* [Given data]:
Start of Block

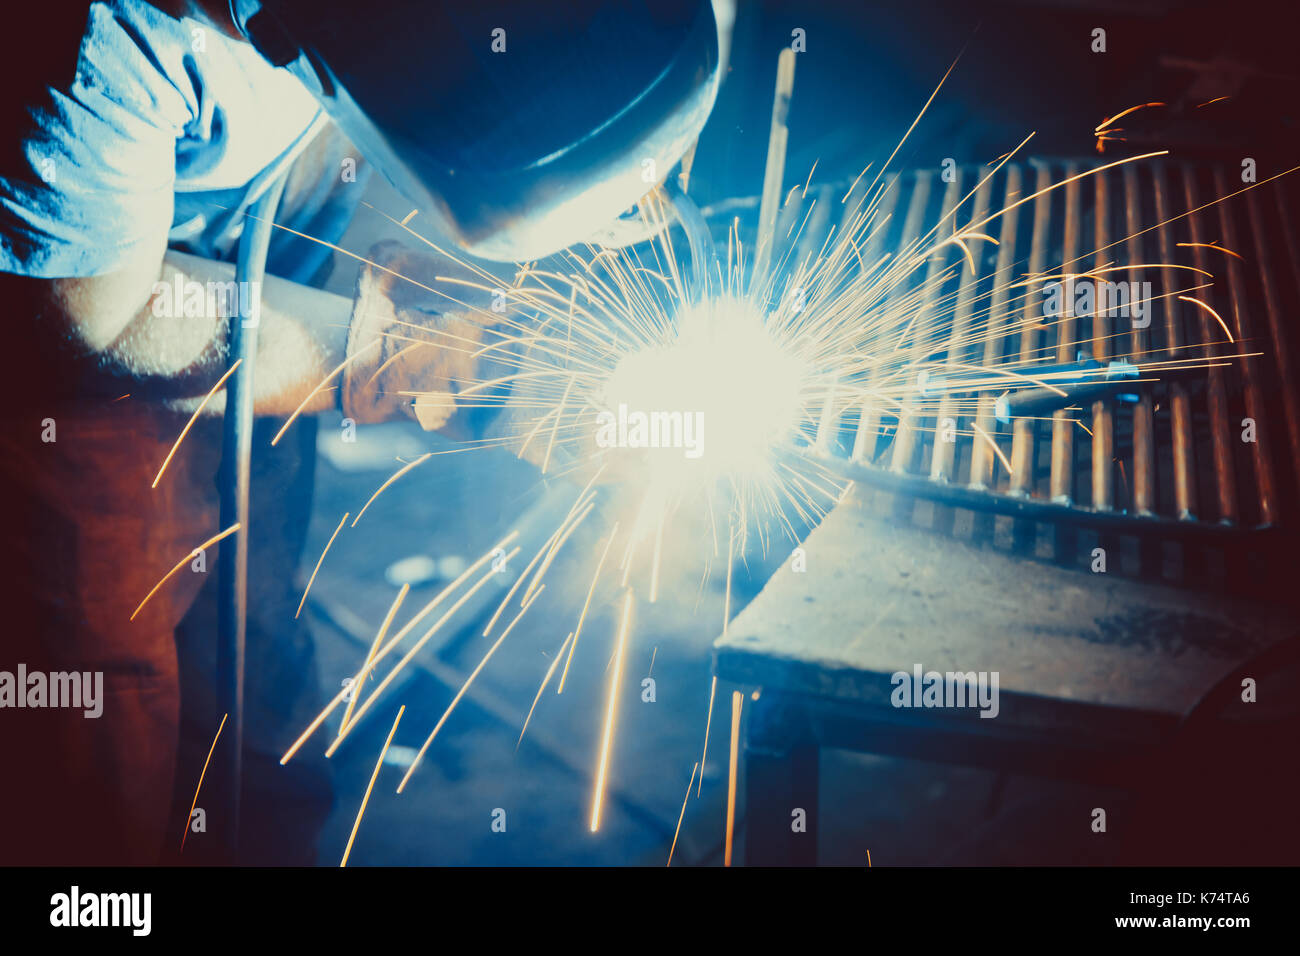 Welding Work. Erecting Technical Steel Industrial Steel Welder In Factory. Craftsman. Stock Photo
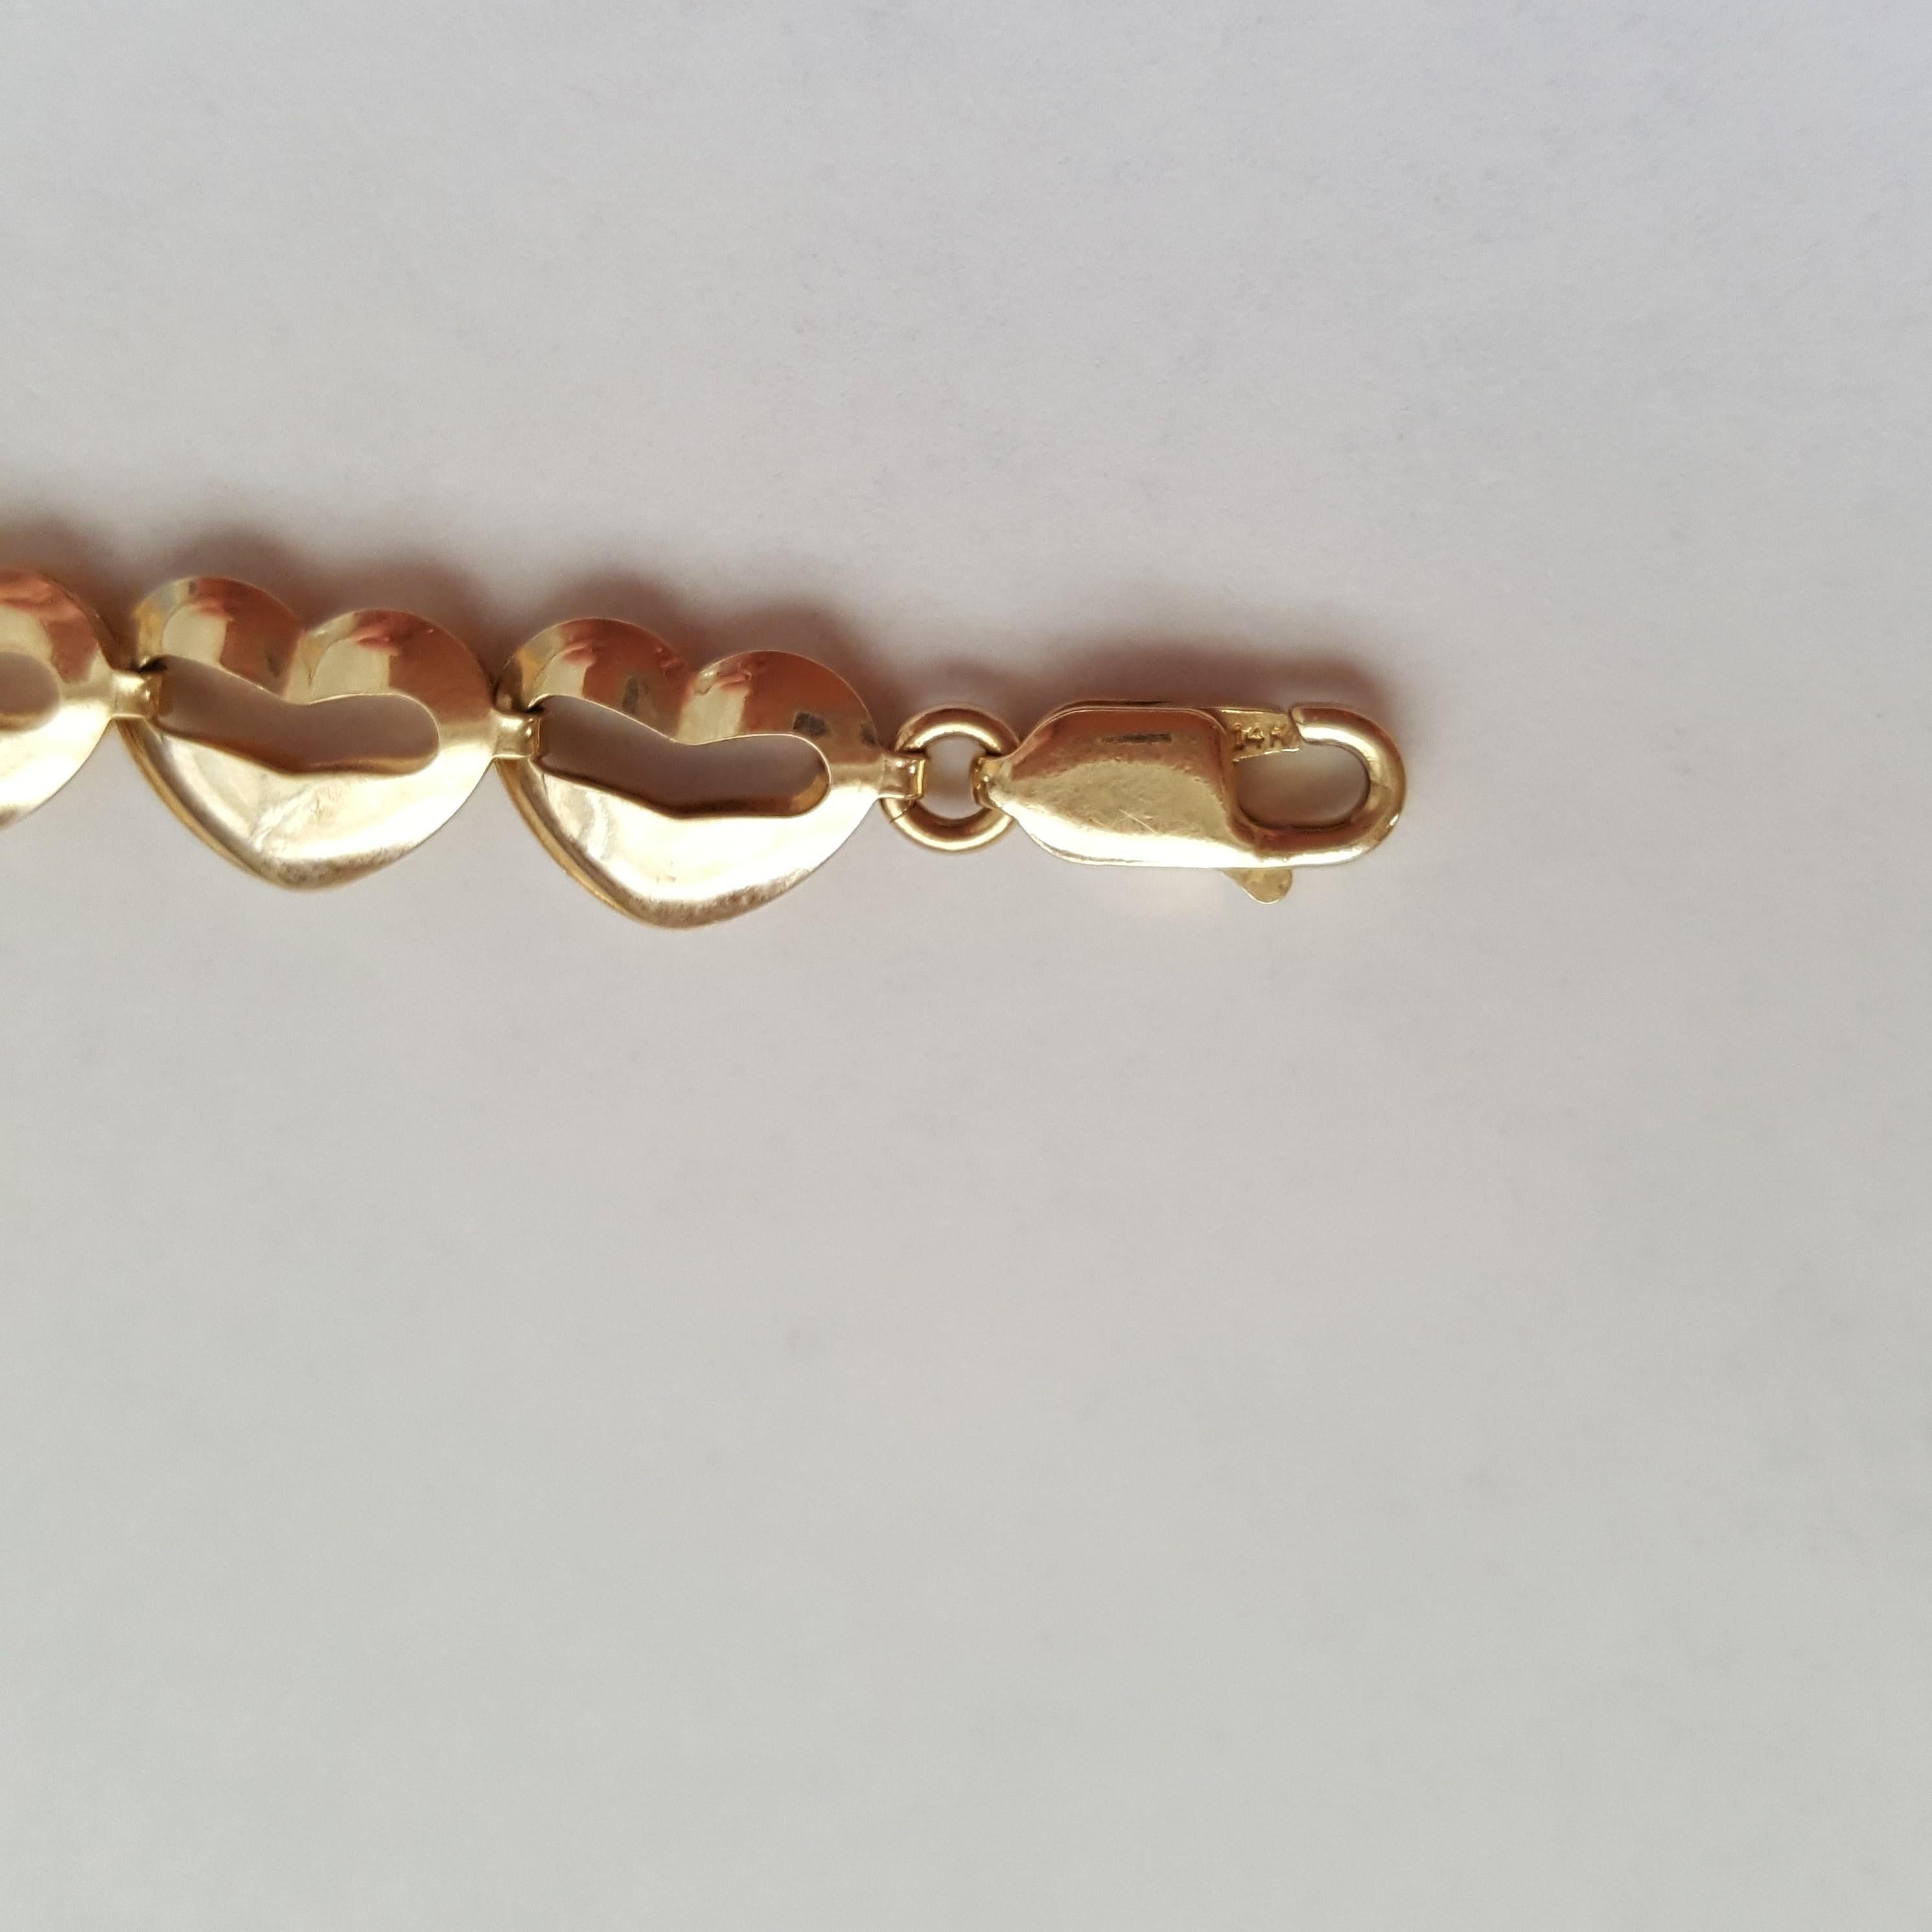 Women's 14kt Yellow Gold Heart Bracelet, 7 Plus, Excellent
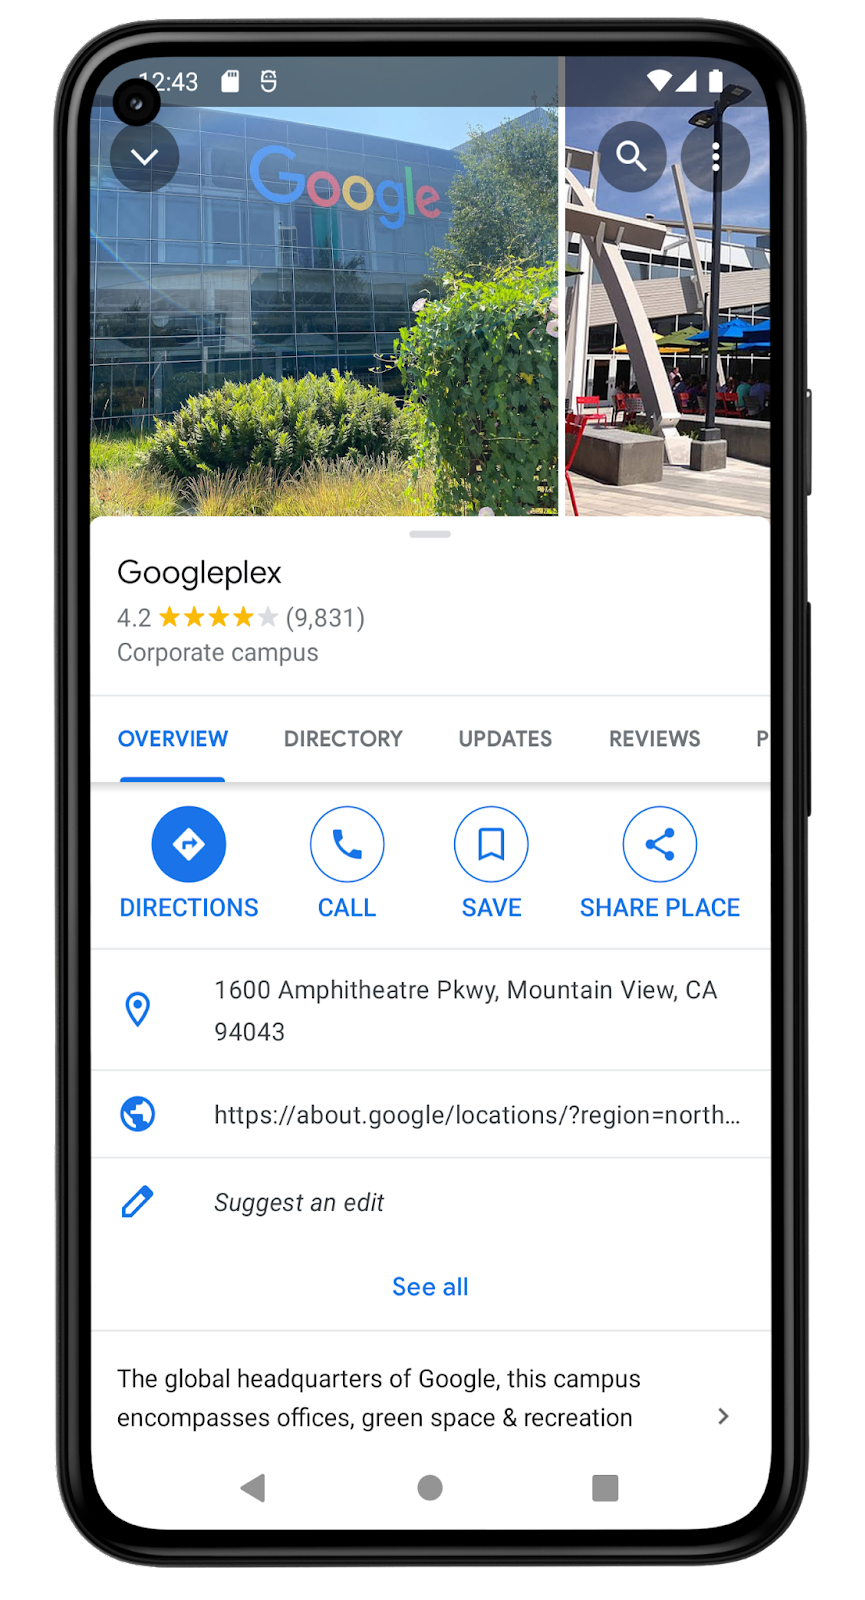 이 Google 지도 앱 스크린샷은 Googleplex 위치 세부정보를 보여줍니다. 회사 캠퍼스이며 Google의 글로벌 본사로 설명되어 있습니다. 위치는 9,831개 리뷰에서 별표 평점이 4.2입니다. 주소는 1600 Amphitheatre Pkwy, Mountain View, CA 94043입니다. 이 화면에는 사용자가 이 위치를 목록에 저장할 수 있는 옵션이 있습니다.

End of Block

* [Work instruction]: The material must be returned exactly, with its pictures omitted.

* [Answer for this exercise]:
 Welding Work. Erecting Technical Steel Industrial Steel Welder In Factory. Craftsman. Stock Photo
 Women's 14kt Yellow Gold Heart Bracelet, 7 Plus, Excellent
 이 Google 지도 앱 스크린샷은 Googleplex 위치 세부정보를 보여줍니다. 회사 캠퍼스이며 Google의 글로벌 본사로 설명되어 있습니다. 위치는 9,831개 리뷰에서 별표 평점이 4.2입니다. 주소는 1600 Amphitheatre Pkwy, Mountain View, CA 94043입니다. 이 화면에는 사용자가 이 위치를 목록에 저장할 수 있는 옵션이 있습니다.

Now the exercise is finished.